Holt Tim Schafer mit Broken Age die Ära der Point-and-Click Adventures zurück?
Die traurige Antwort lautet für mich: Nicht wirklich.
Aber fangen wir mal vorne an. Nachdem ich in den letzten Tagen einige überschwengliche Reviews zu Broken Age gelesen hatte, musste ich mir selbst ein Bild machen. Ich war sogar von so etwas wie nostalgischer Vorfreude erfüllt, als ich beim Gedanken an Monkey Island, Day of the Tentacle und Full Throttle auf Steam gierig die ca. 22€ für den Download von Broken Age löhnte.
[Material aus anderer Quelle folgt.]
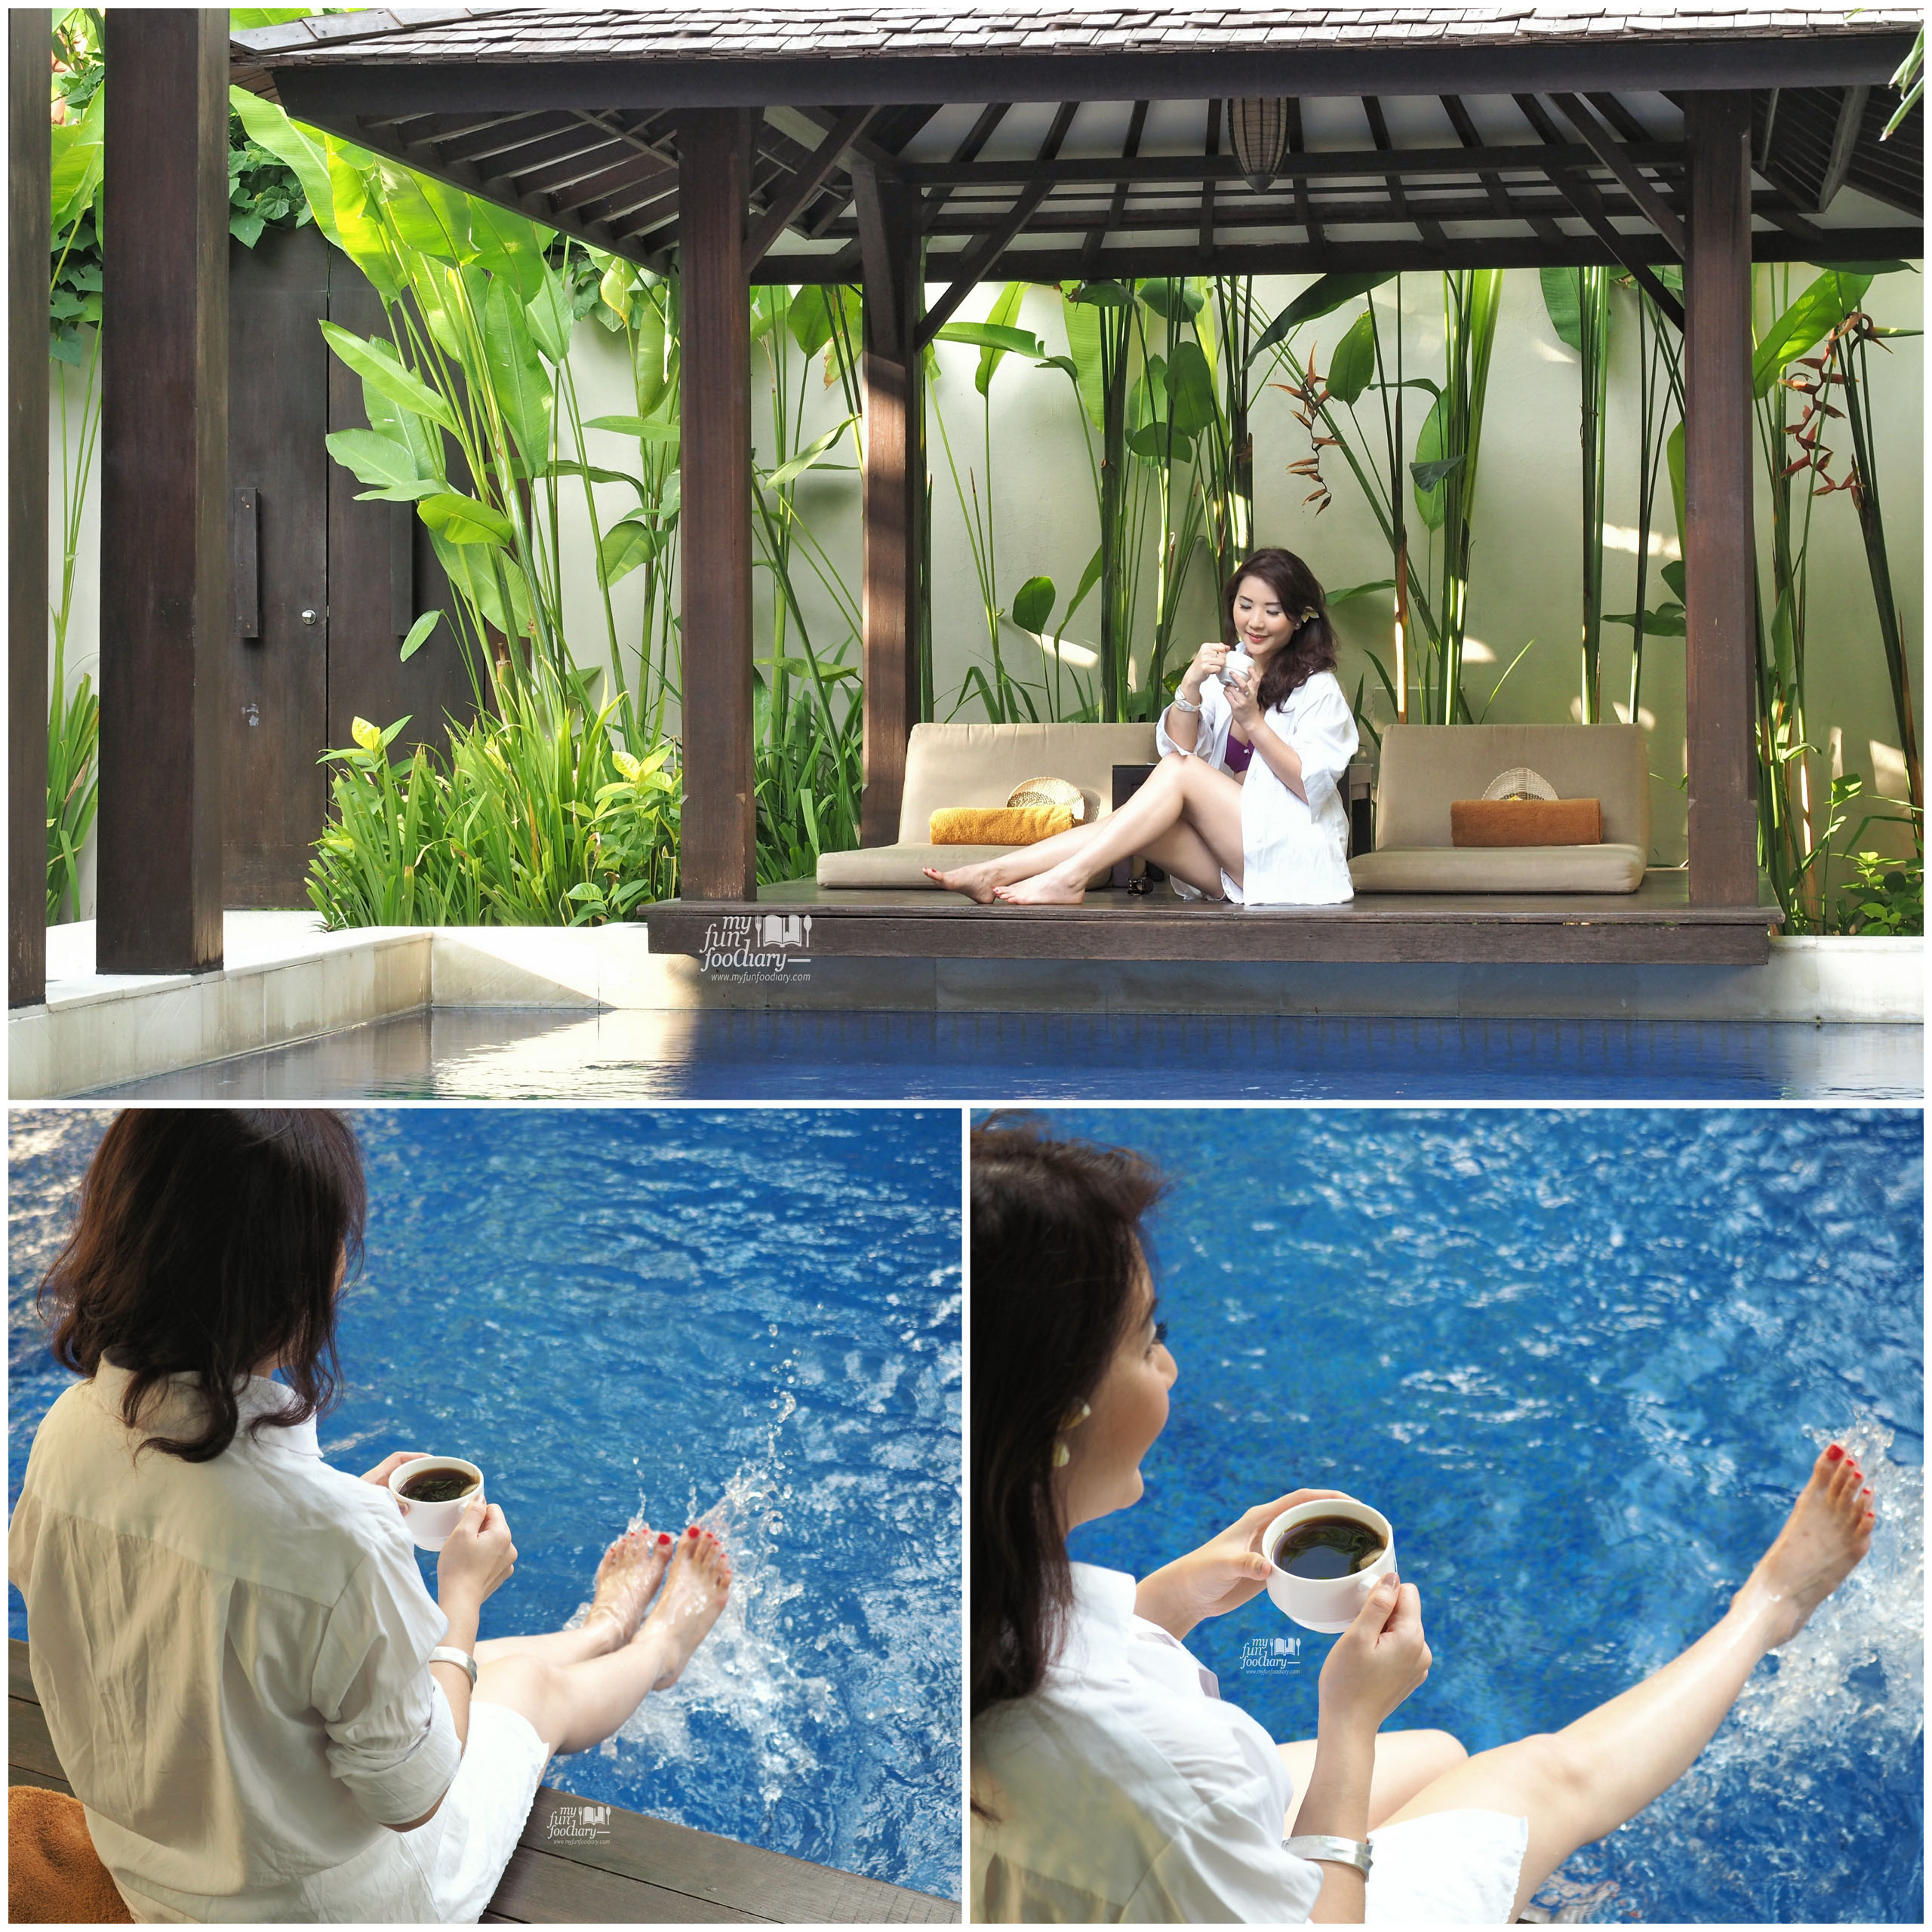 Playing water at my private pool - Villa De Daun Kuta Bali by Myfunfoodiary

Doch die traurige Wahrheit ist, dass Broken Age in vielerlei Hinsicht nicht mit dem Charme der klassischen Abenteuerspiele mithalten kann. Betrachtet man den offiziellen Trailer auf brokenagegame.com, sieht das Game in Papercut-Optik eigentlich sehr witzig und vielversprechend aus. Gerade die beiden parallelen Storylines, zwischen denen ihr im Spiel frei hin und her wechseln könnt, sind sehr abgefahren und spannend: Ihr spielt auf der einen Seite ein junges Mädchen, welches im Setting einer fantastischen Welt einem furchtbaren Monster geopfert werden soll und auf der anderen Seite einen Jungen, welcher auf einem vollautomatischen und ihn beschützenden Raumschiff versucht seiner Langeweile Herr zu werden.
Das klingt doch eigentlich gar nicht so übel, denkt ihr jetzt. Na dann will ich mal schweren Herzens den dreiköpfigen Affen zum Schämen in die Ecke schicken und die Nachteile des Games auflisten.
Zunächst mal ist das Spiel viel zu kurz und in vielleicht 3 Stunden durchgeklickt. Das liegt besonders daran, dass ich für mein Geld nur ein halbes Spiel bekommen habe und nun auf die Veröffentlichung des fehlenden 2. Teils im Verlauf dieses Jahres warten muss. Sind Tim und Konsorten unterwegs Ideen, Witze oder schlichtweg das Geld ausgegeangen, so dass sie schon mal ein halbes Produkt an den Mann bringen mussten? Allein dafür verdient es Tim Schafer von Motorradrocker Ben am Nasenring gegen die Theke gezogen zu werden.
Ein weiteres großes Manko, gerade für dieses Genre, ist das Fehlen knackiger Rätsel. Irgendwie bin ich nie an den Punkt gekommen wirklich nachdenken zu müssen und das Inventory meiner Protagonisten war stets so übersichtlich (immer so um die 5 Gegenstände), dass es ohnehin kaum Kombinationsmöglichkeiten gab.
Die Grafik ist in der Papercut-Optik zwar gelungen und bringt die Atmosphäre rüber, aber offenbart an manchen Stellen unscharfe Bilder und matschige Texturen. Dann lieber Comic- oder Pixel-Look für mich…
Doch was mich am meisten gewundert hat, war die fehlende Finesse des gesamten Produkts in Hinsicht auf die duale Erzählweise. Wieso bitte kann ich zwischen den beiden Storys jederzeit hin und her schalten, wenn sie sich nicht gegenseitig beeinflussen? Bei Day of the Tentacle konnte man in Gegenwart oder Vergangenheit wenigstens die Zukunfts-Story direkt beinflussen, was einen Großteil der Witze und des Charms ausgemacht hat. Bei Broken Age … Fehlanzeige. Schade. Natürlich wird am Ende eine Beziehung zwischen den Leben der beiden Früchtchen deutlich, aber das lässt leider die Spielmechanik völlig außen vor.
Deshalb mein Fazit: Es hat durchaus mal wieder Laune gemacht sich durch ein Point-and-Click Adventure durch zu nerden, aber es hat in erster Linie auch Lust auf MEHR gemacht. Lust auf ein richtig gutes Adventure. So eins mit vielen Schauplätzen, angemessen schweren Rätseln, die auch mal einen Aha-Effekt auslösen können, und noch deutlich mehr Humor. Also dafür, dass Herr Schafer vorher auf Kickstarter so einen Wind gemacht hat, ist sein (eigentlich nur halb) fertiges Spiel insgesamt bestenfalls mittelprächtig.
Ich gehe dann mal Schmollen. Oder Saufen.